Confused about notation: difference between $\prod_{i=1}^np(x_i)$ and $\prod_{i=1}^np(x)$

124 Views Asked by At

In my information theory book by Cover and Thomas, at the beginning of the channel coding theorem, it's written:

"Each entry in this matrix" (the matrix of the randomly generated code)

"is generated i.i.d according to p(x). Thus, the probability that we generate a particular code $C$ is "

$Pr(C)=\prod_{w=1}^{2^{nR}} \prod_{i=1}^np(x_i(w))$

Now, I get what they're saying, but the notation is very confusing to me.

$1-$First of all, since we are generating entries i.i.d why can't we simplify $\prod_{i=1}^np(x_i)$ to $\prod_{i=1}^np(x)=p(x)^n?$

$2-$Also, instead of writing $p(x_i(w))$ couldn't we just write $p(x_{i,w})$?

It seems as if there's something about the notation that's crucial that I'm not getting..

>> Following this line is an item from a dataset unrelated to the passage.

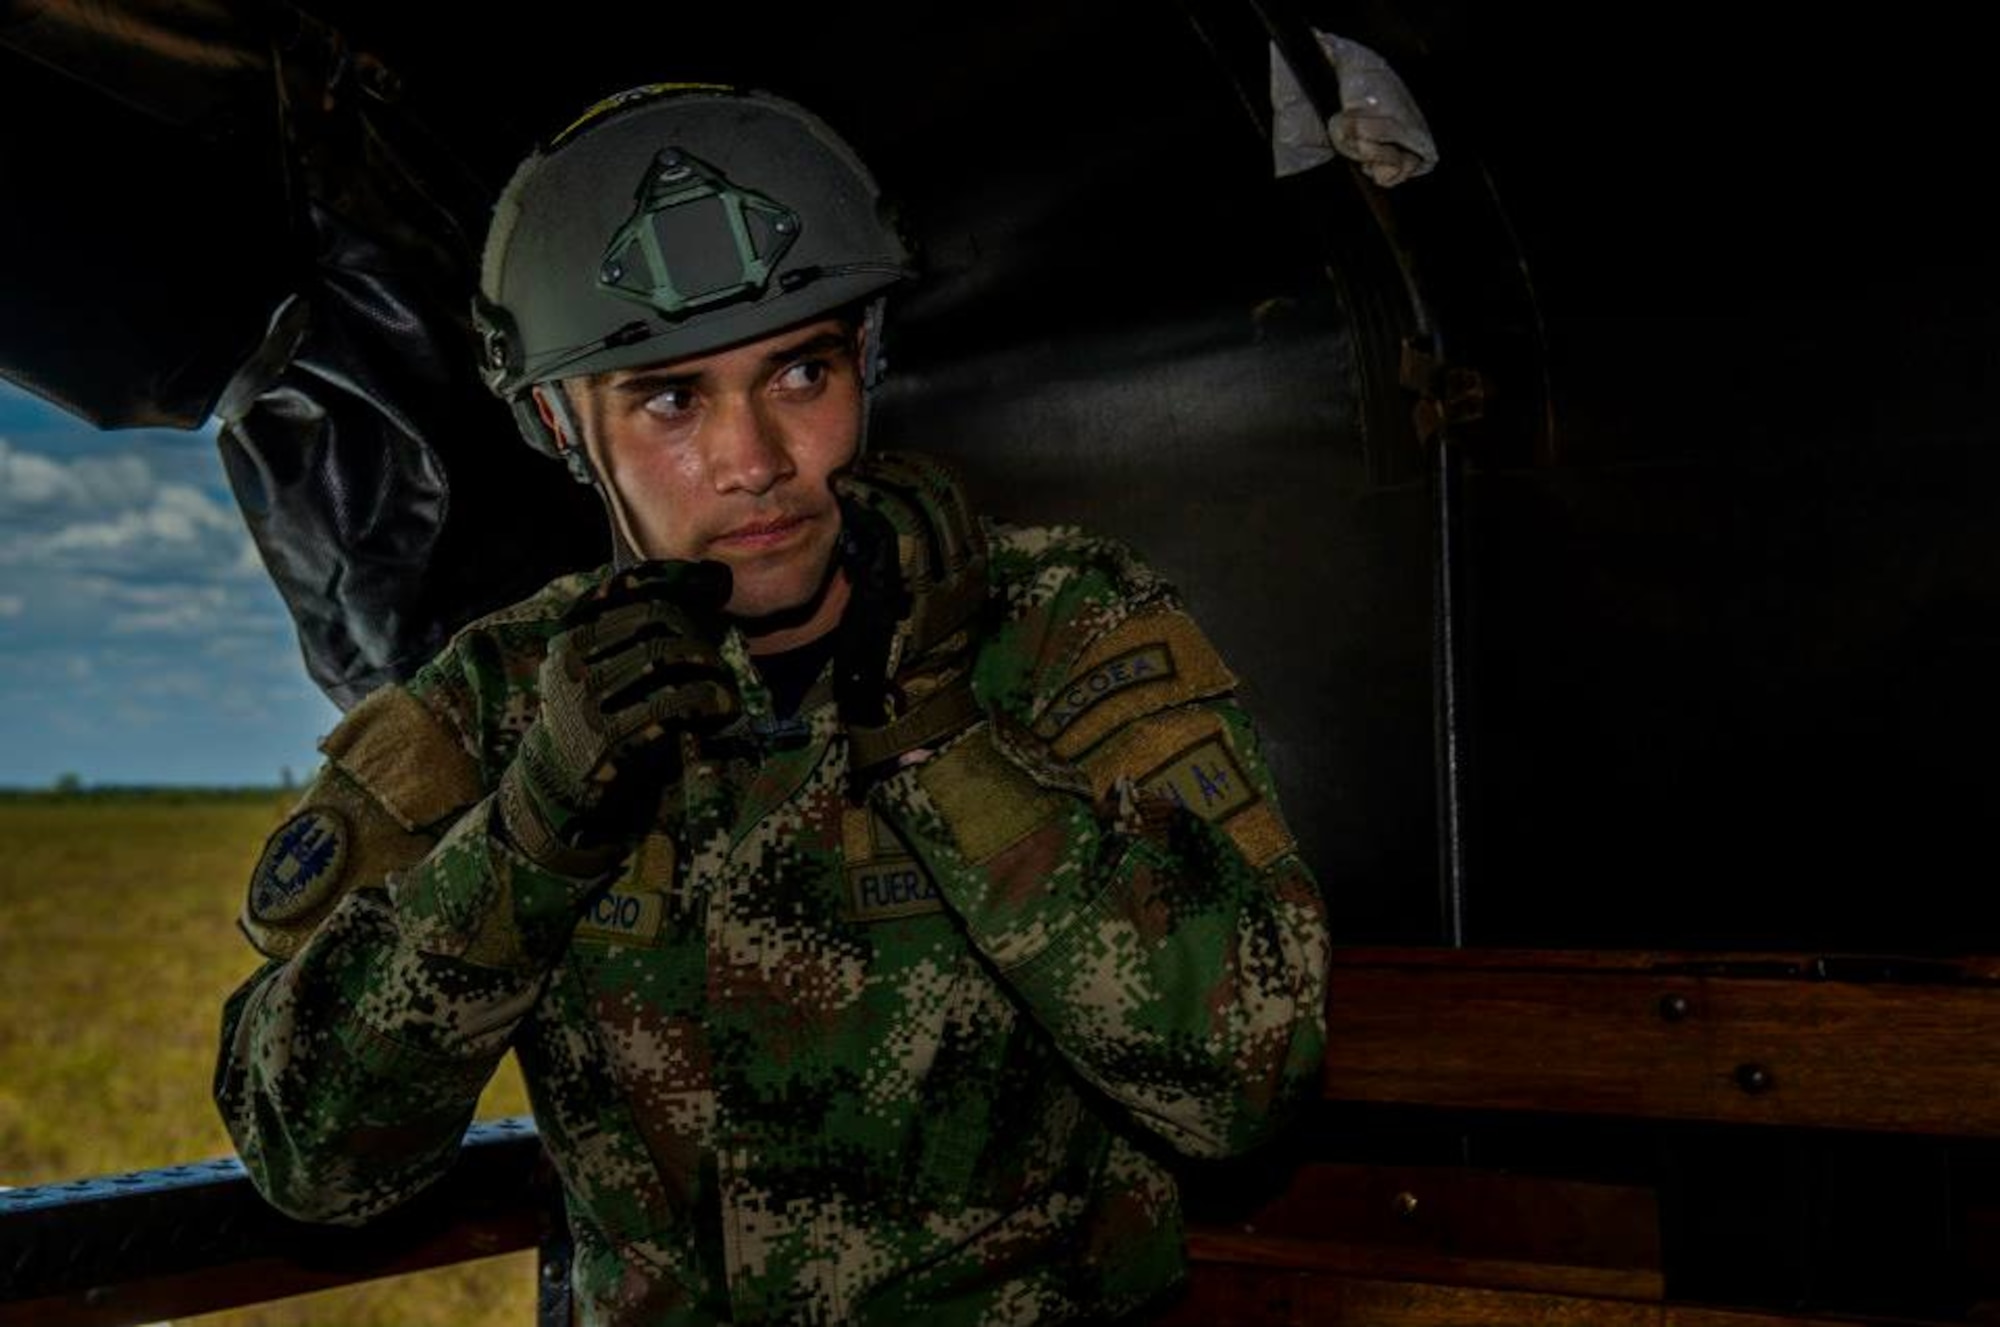 Tecnico Tercero Ramiro Roncancio, a Colombian Air Force Riggers, is recovered from a field after a parachute landing from a Colombian Air Force Casa 295 aircraft attempting to land as close to target during the first air drop with United States Air Force personnel aboard on March 3, 2015 at Marandua Air Force Base in Colombia, South America. (Photo by U.S. Air Force Tech. Sgt. Matthew Hannen)

Any help would really be appreciated!!

Thanks in advance

1

There are 1 best solutions below

0
On BEST ANSWER

You want to generate $m=2^{nR}$ codewords (indexed by $w=1 \cdots 2^{nR}$, each of which (each row of the matrix in eq 7.61) is a row of $n$ bits: ${\bf x}^{(w)} = (x_1^{(w)},x_2^{(w)}, \cdots x_n^{(w)})$

Each element of this row is indexed by $i=1\cdots n$ Because of the construction, these rows are probabilitically equivalent. And the probability of any particular row realization is (omiting for simplicity the $(m)$ superscript) $p({\bf x})=\prod_{i=1}^n p(x_i)$ (because the elements are also column-wise independent).

I hope this answers why you can't

simplify $\prod_{i=1}^n p(x_i)$ to $ p(x)^n$

Covert & Thomas use $p(x^n)$ for what I wrote $p({\bf x})$, joint probability of the row, not to be confused with $p(x)$. In your tentative formula, $p(x)^n$ is wrong because it has no meaning (what is $x$?)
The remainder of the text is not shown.